Problem details.
Print the listing below word for word, but drop any pictures it contains.

Information provided.
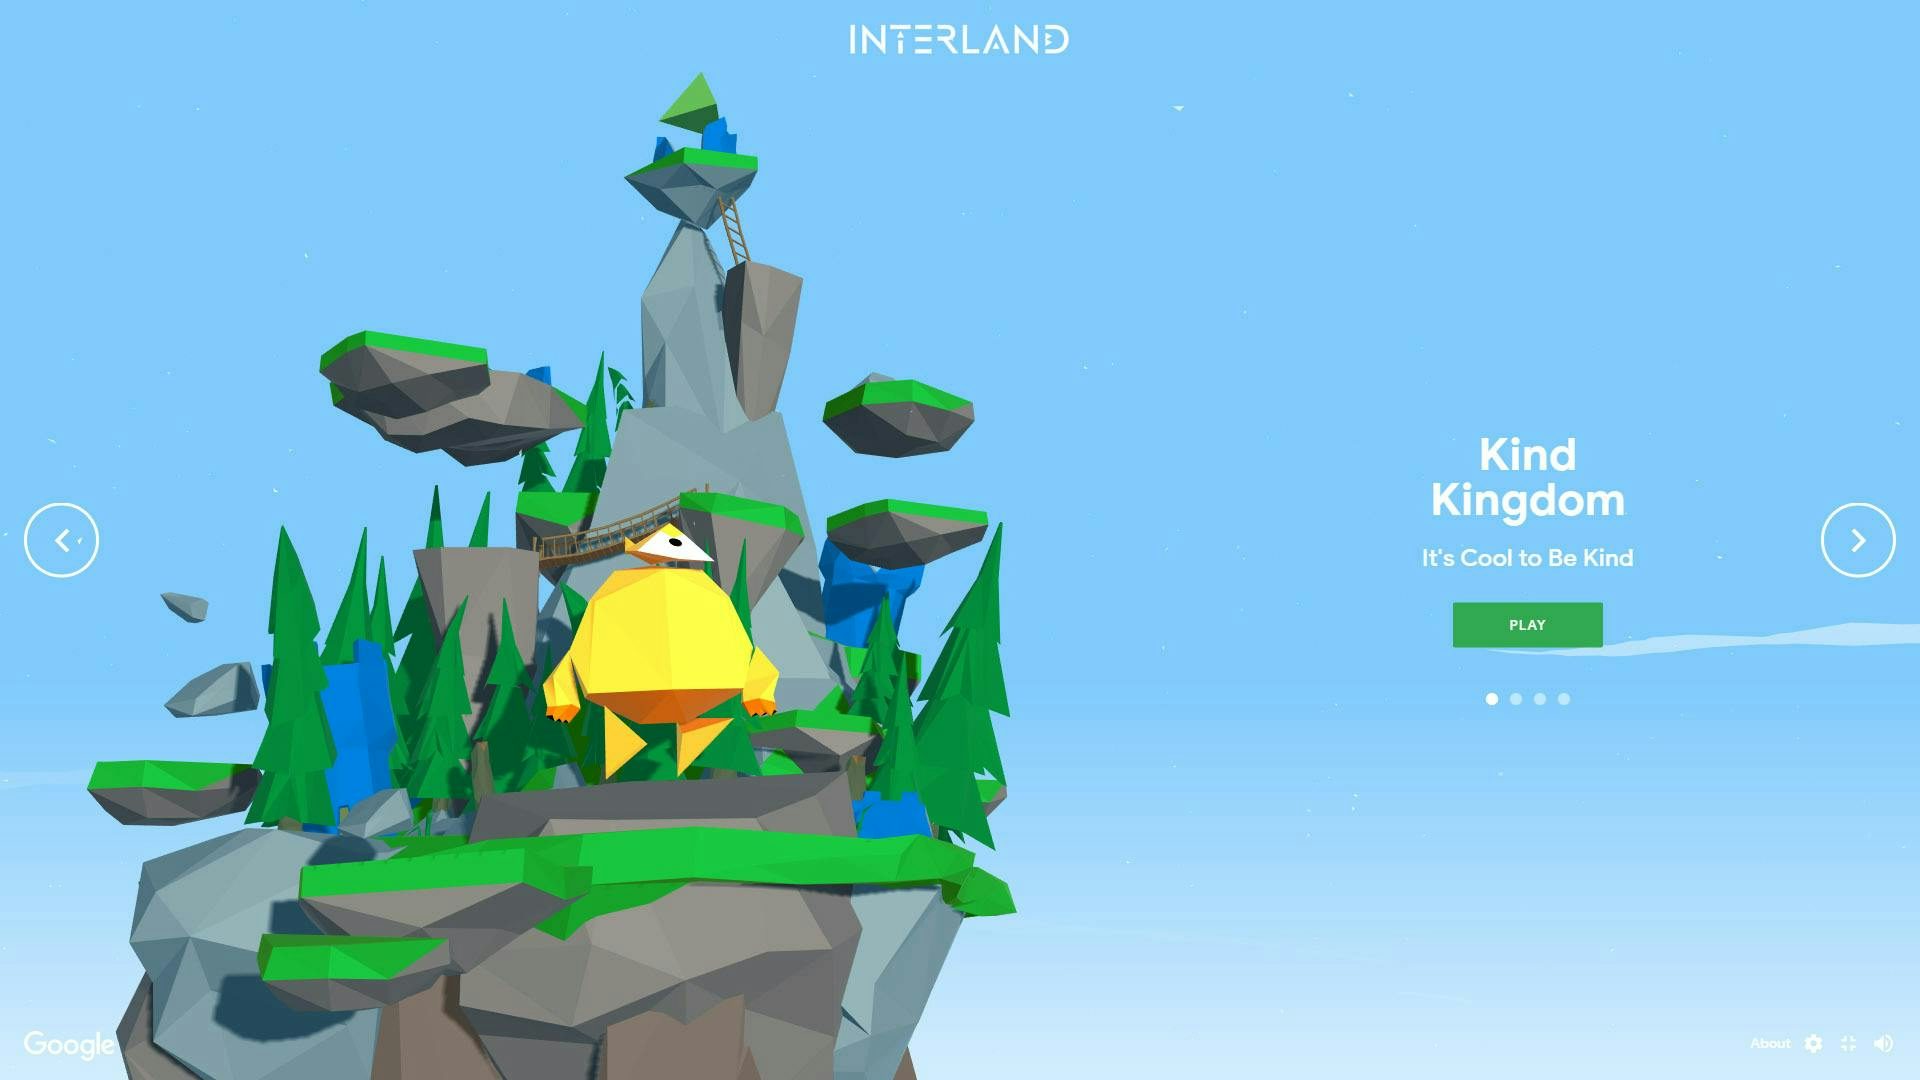 Google Interland Kind Kingdom overview
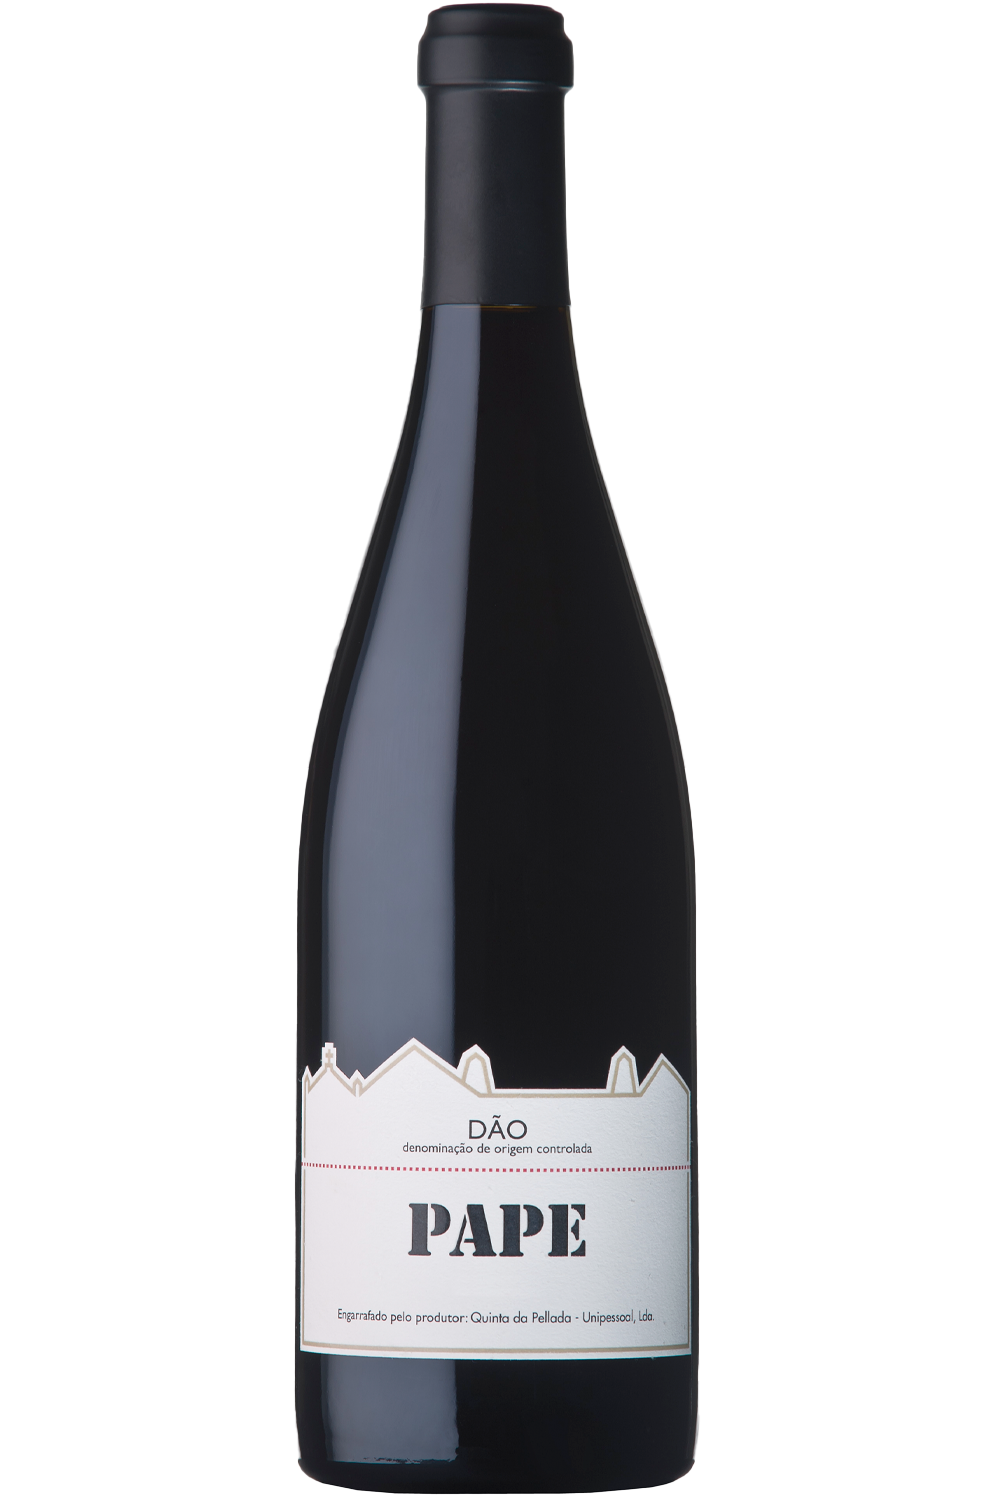 WineVins Pape Tinto 2019
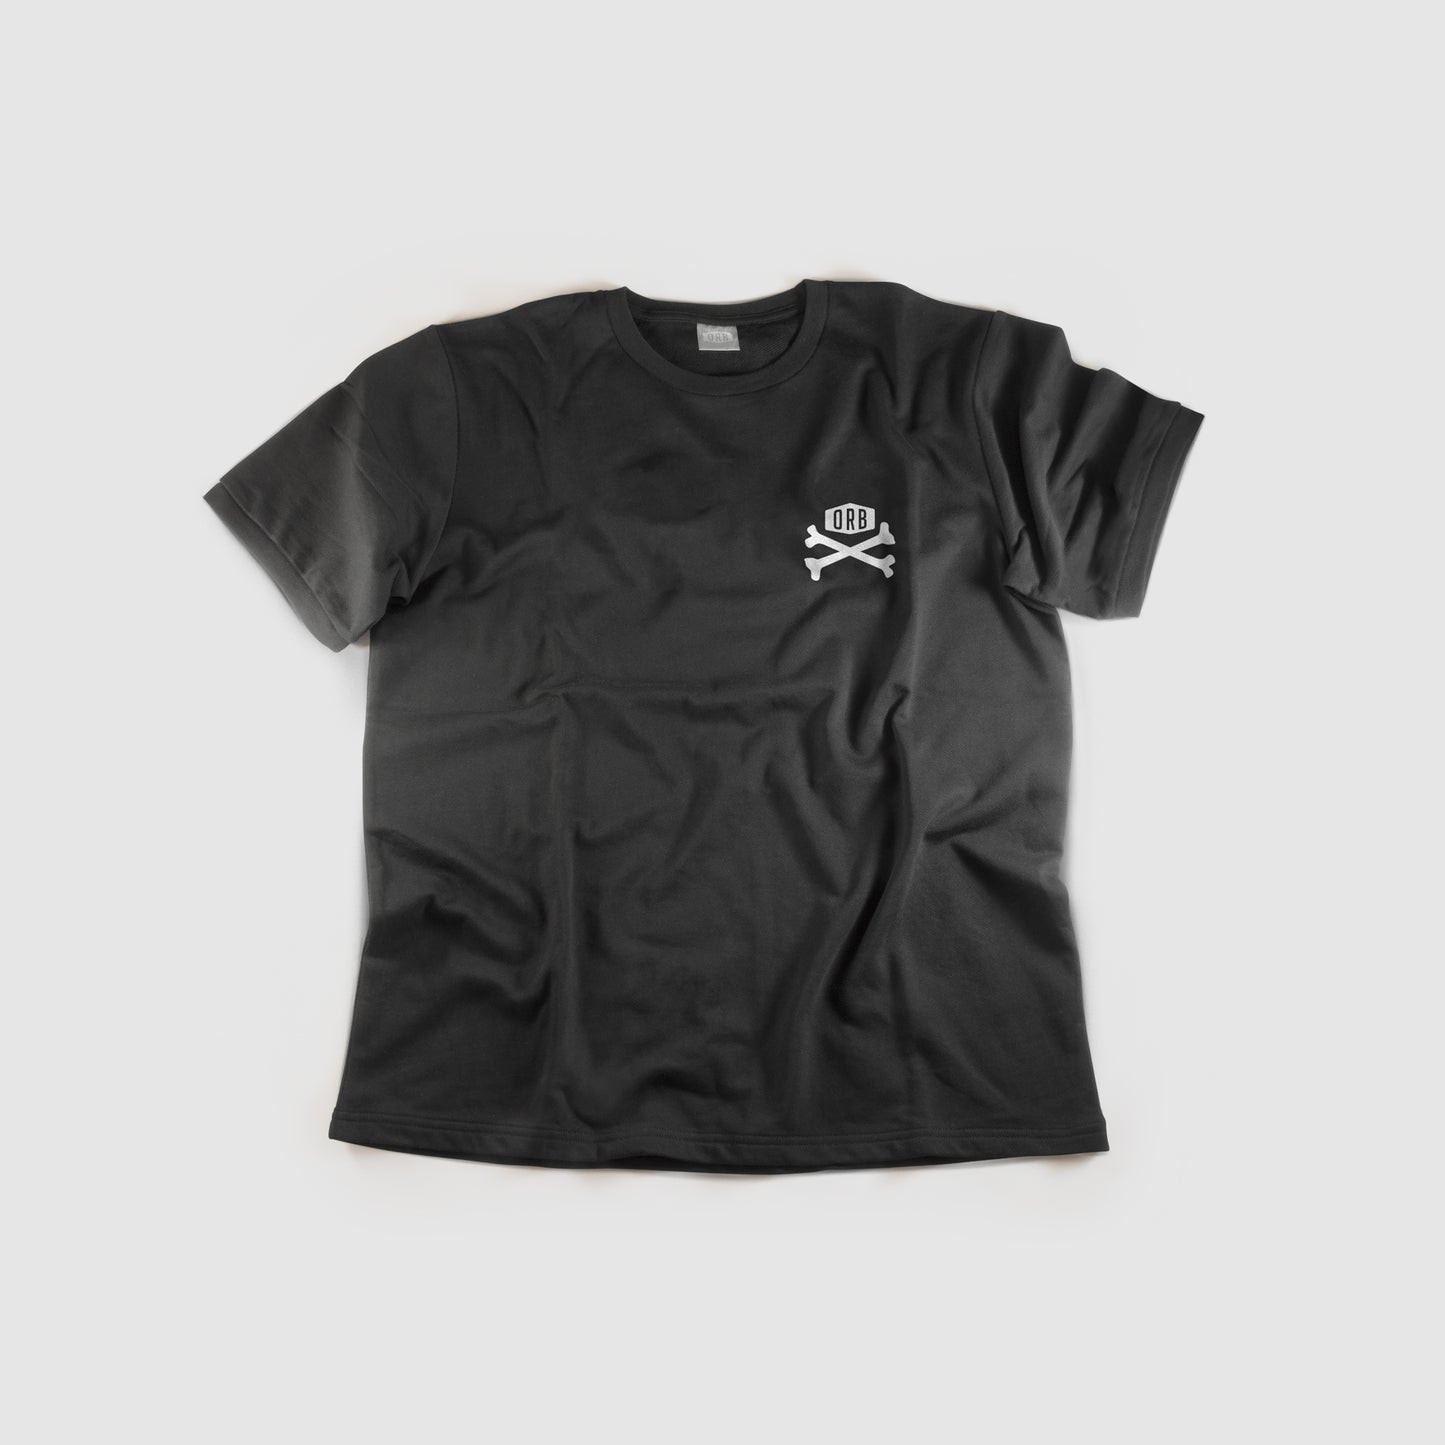 Off-Road Bedding Crossbones - Black Tee Shirts
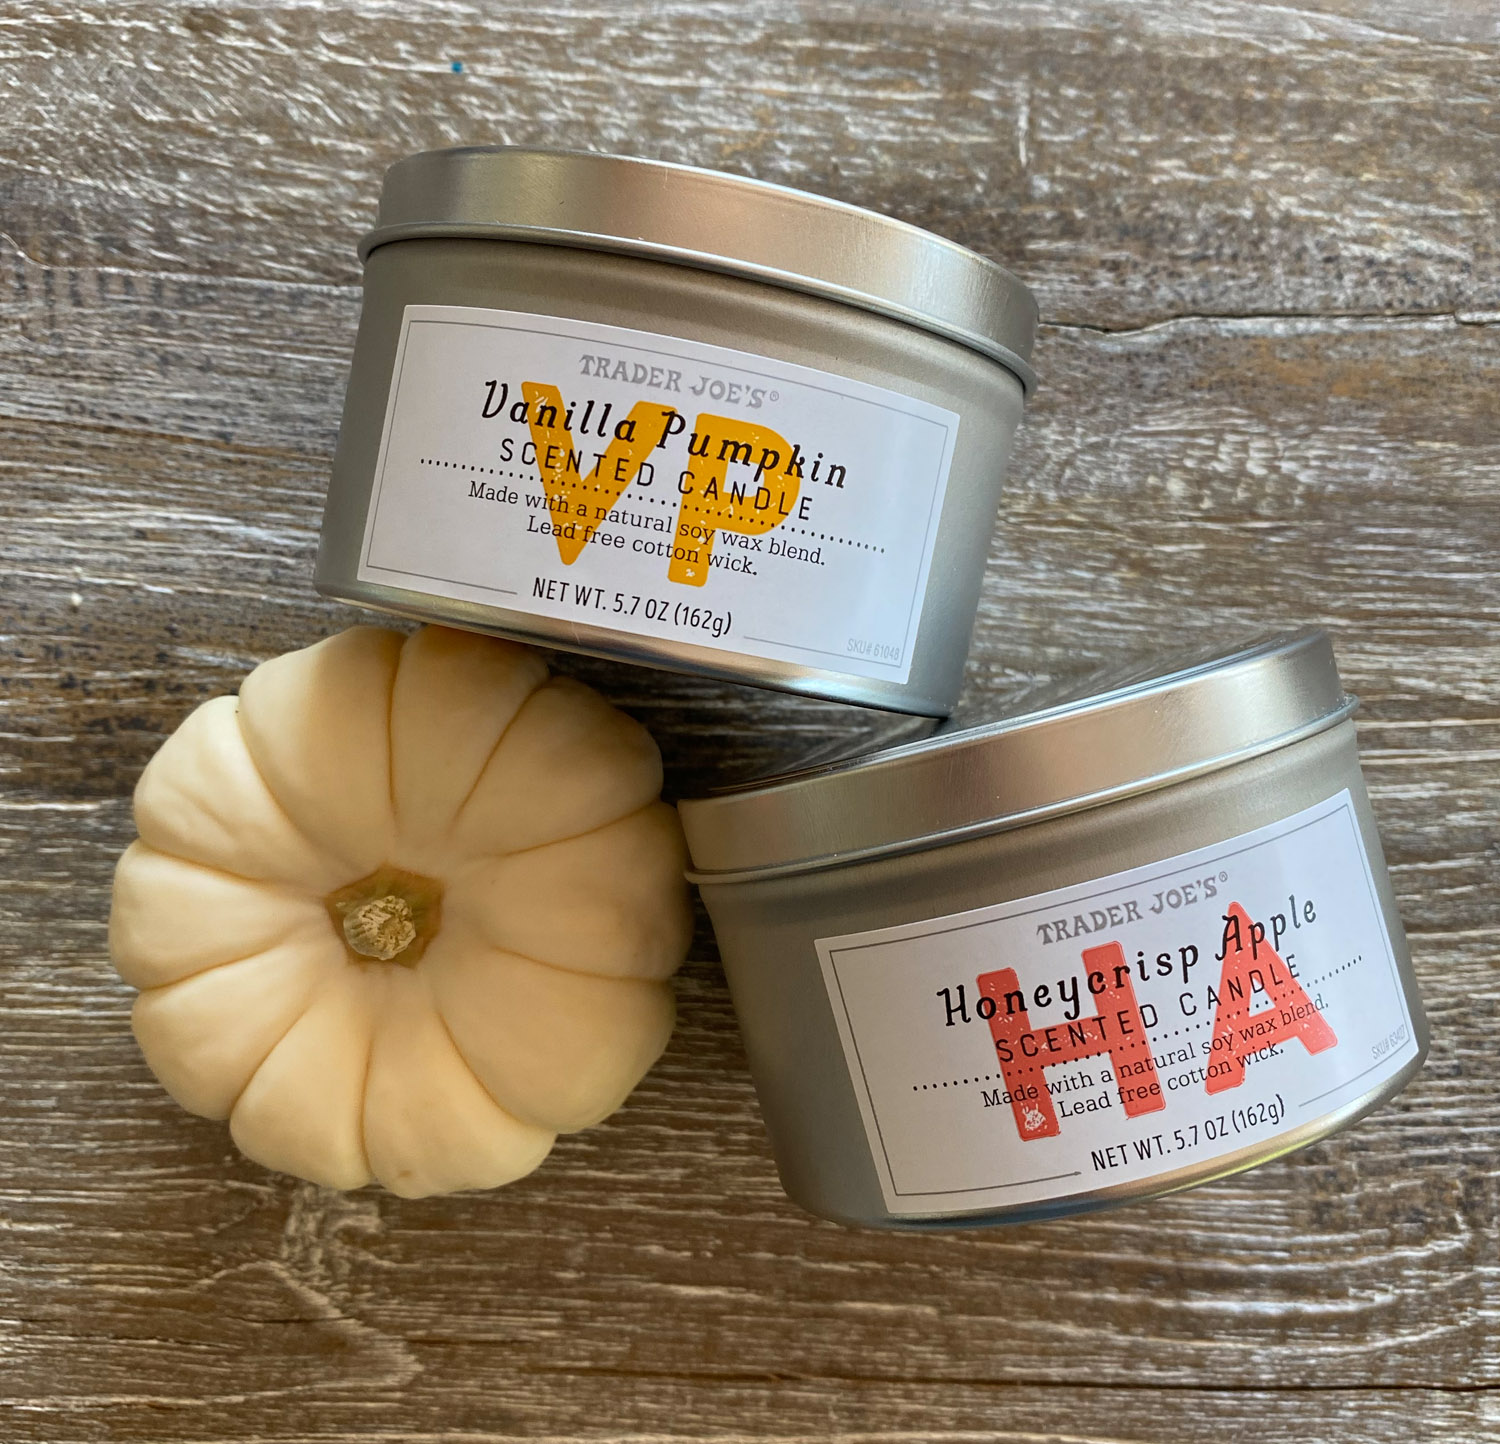 Trader Joe's Vanilla Pumpkin Candles

Problem solution.
 Google Interland Kind Kingdom overview
 WineVins Pape Tinto 2019
 Off-Road Bedding Crossbones - Black Tee Shirts
 Trader Joe's Vanilla Pumpkin Candles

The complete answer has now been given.